Supplied data Start Marker
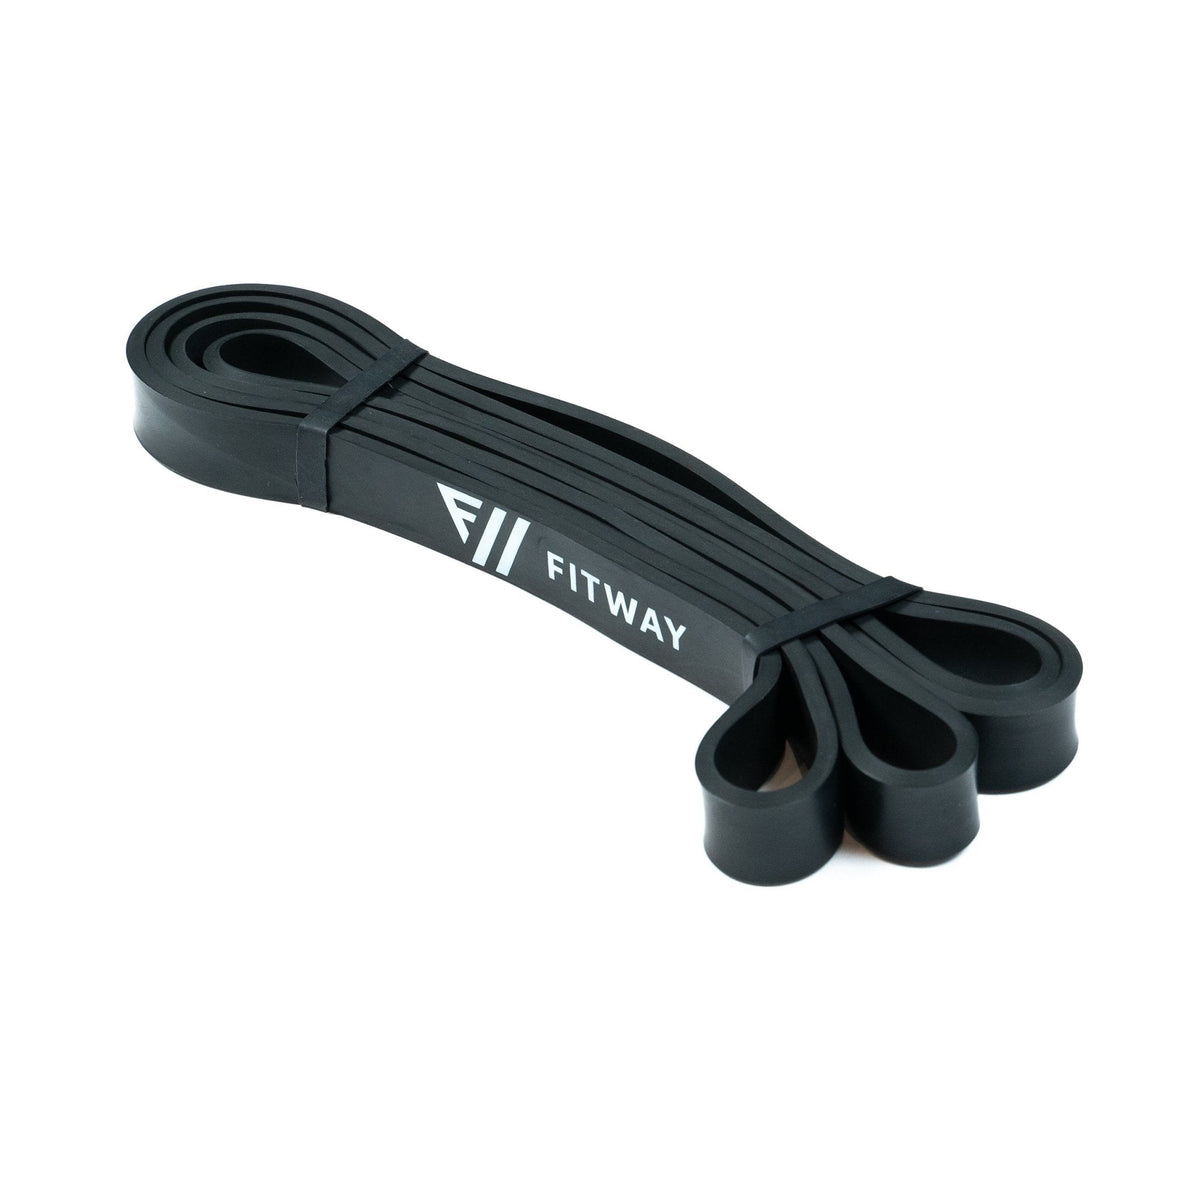 FitWay Equip. FitWay Black Power Band - 22mm - Fitness Experience
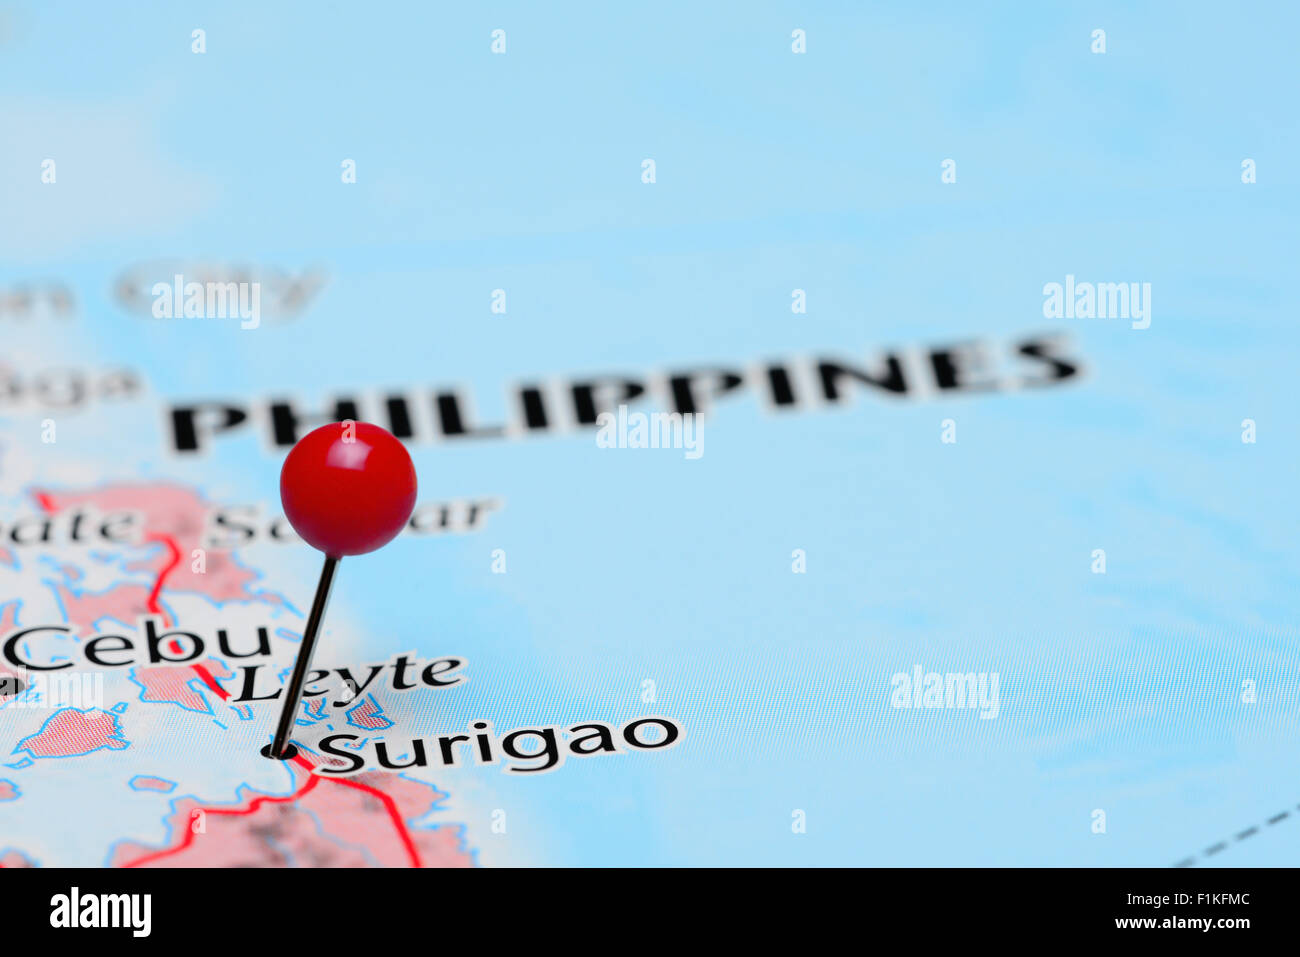 Surigao pinned on a map of Asia Stock Photo
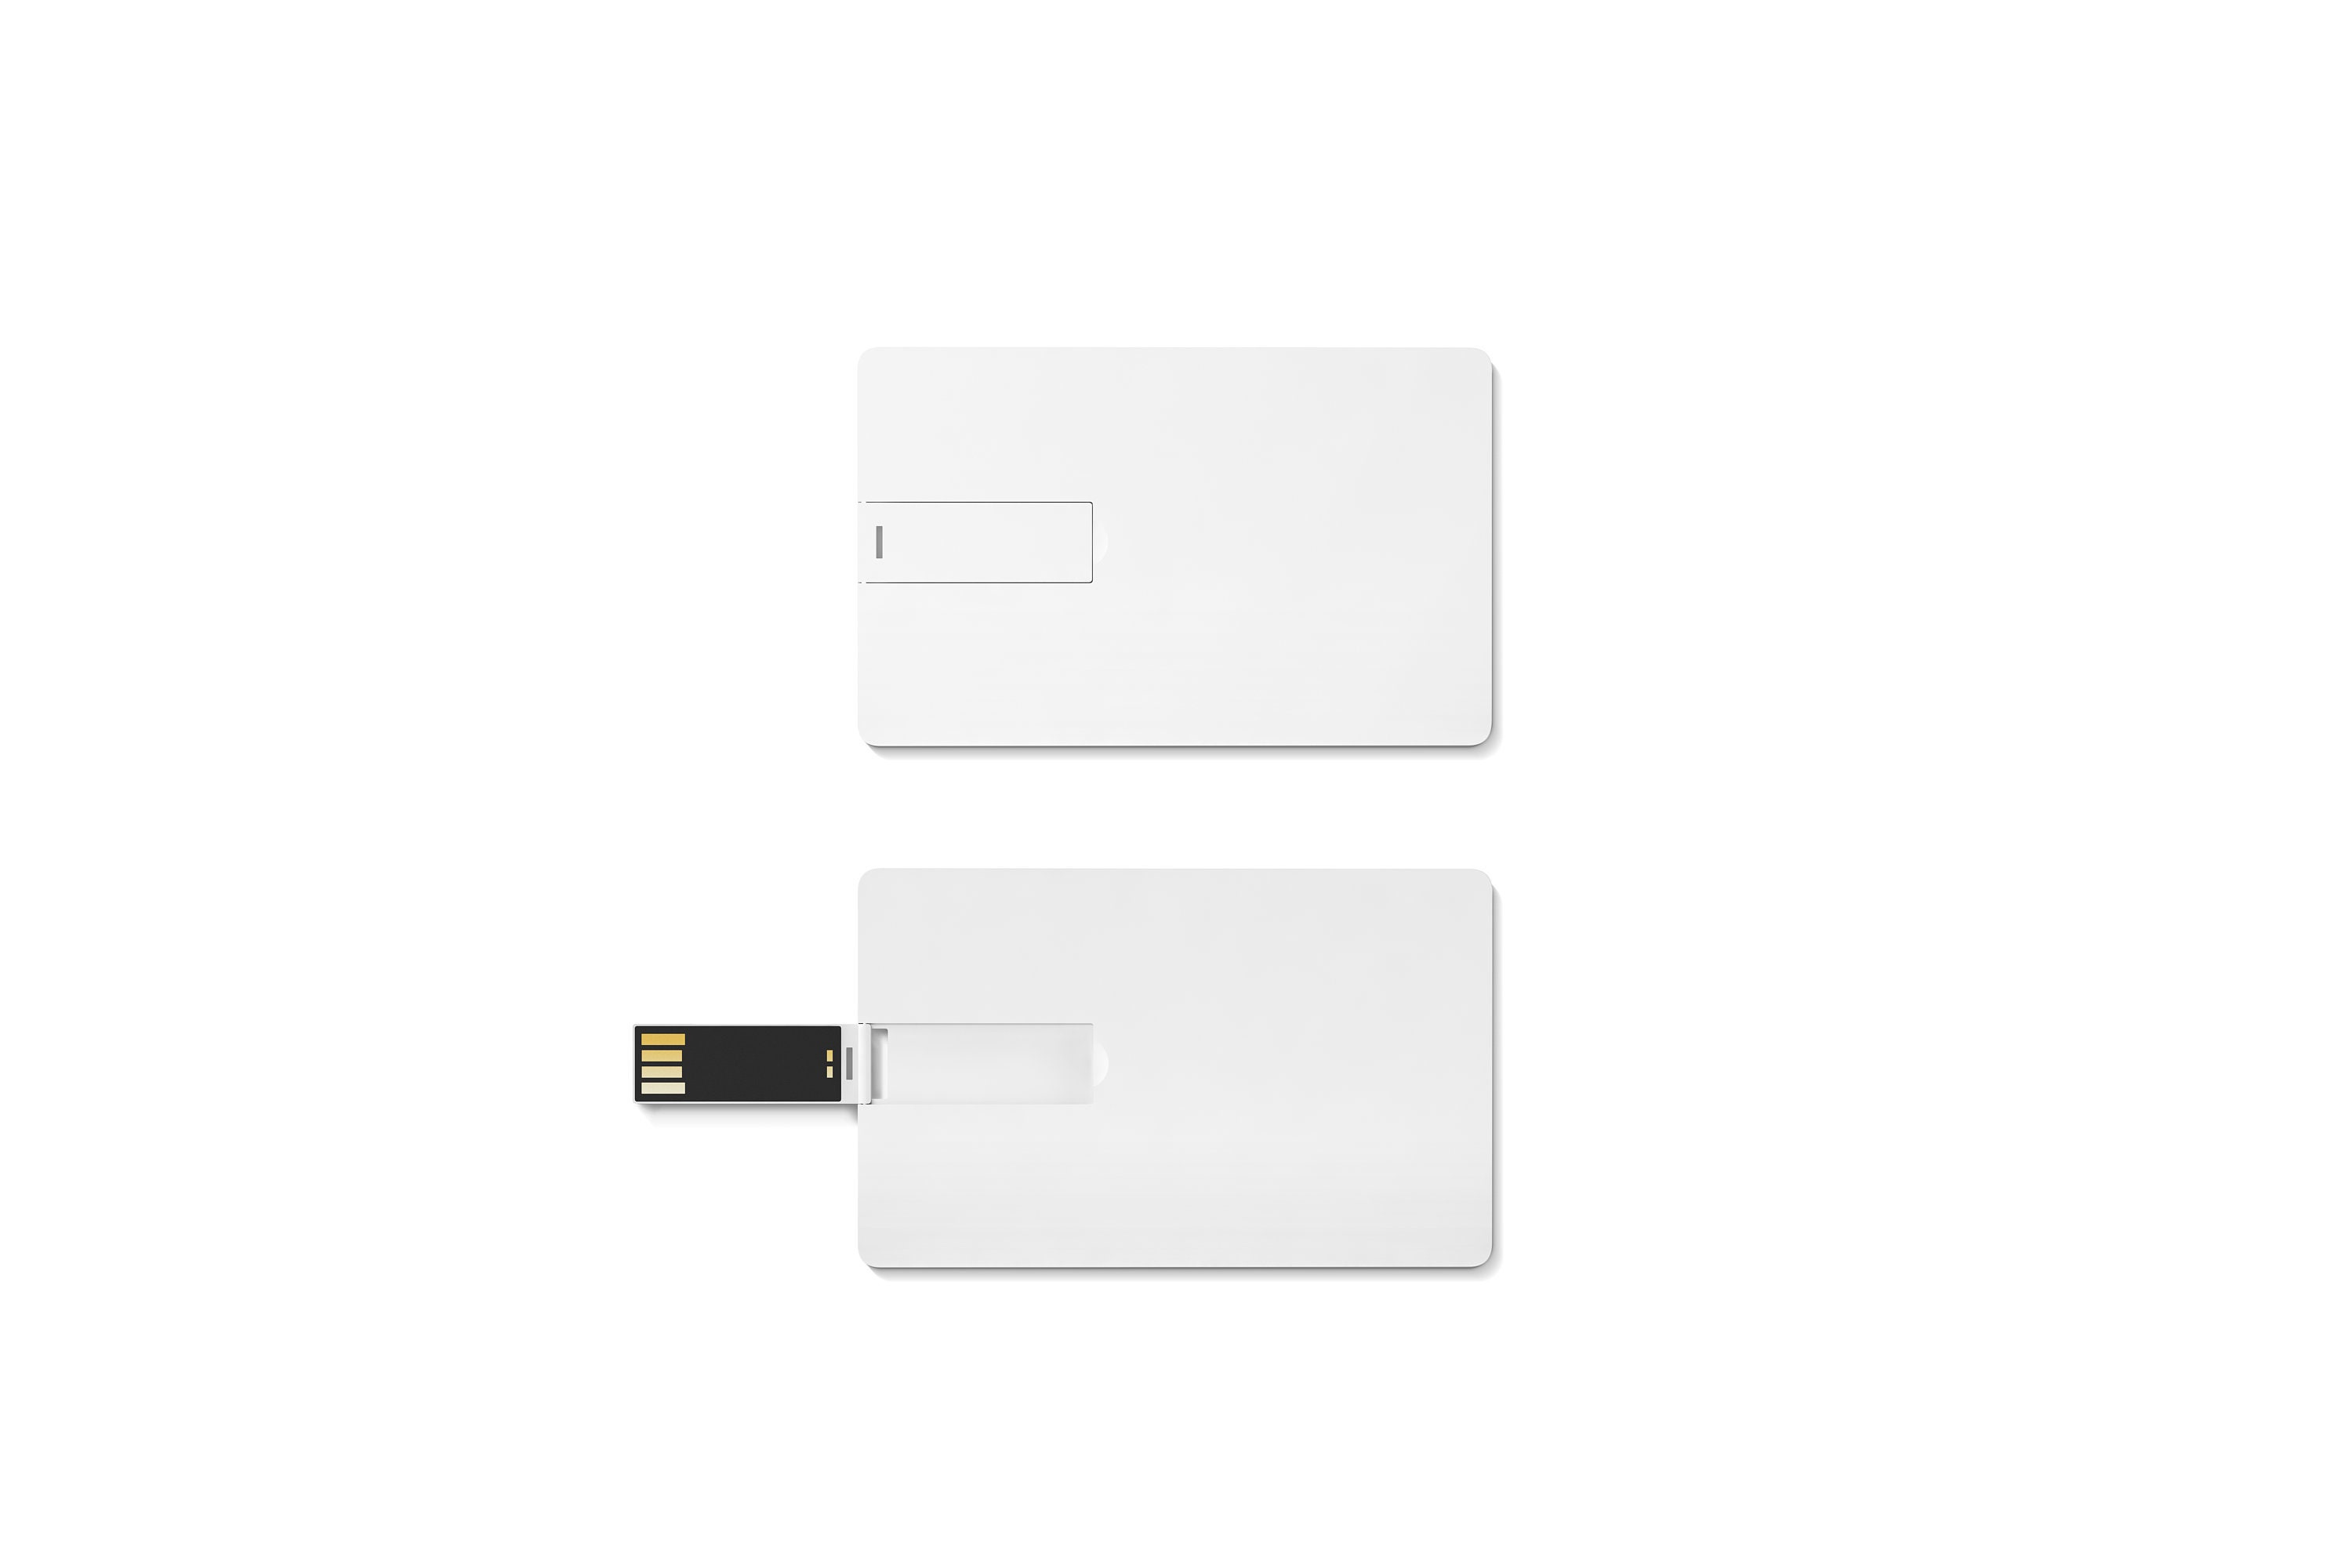 Download Lying Wafer Usb Card Mockup Front And Back View Flash Drive Etsy
Supplied data End Marker
▶ [Task to complete]
Leave out the pictures and repeat the remaining data exactly.

▶ [Your response]
 FitWay Equip. FitWay Black Power Band - 22mm - Fitness Experience
 Surigao pinned on a map of Asia Stock Photo
 Download Lying Wafer Usb Card Mockup Front And Back View Flash Drive Etsy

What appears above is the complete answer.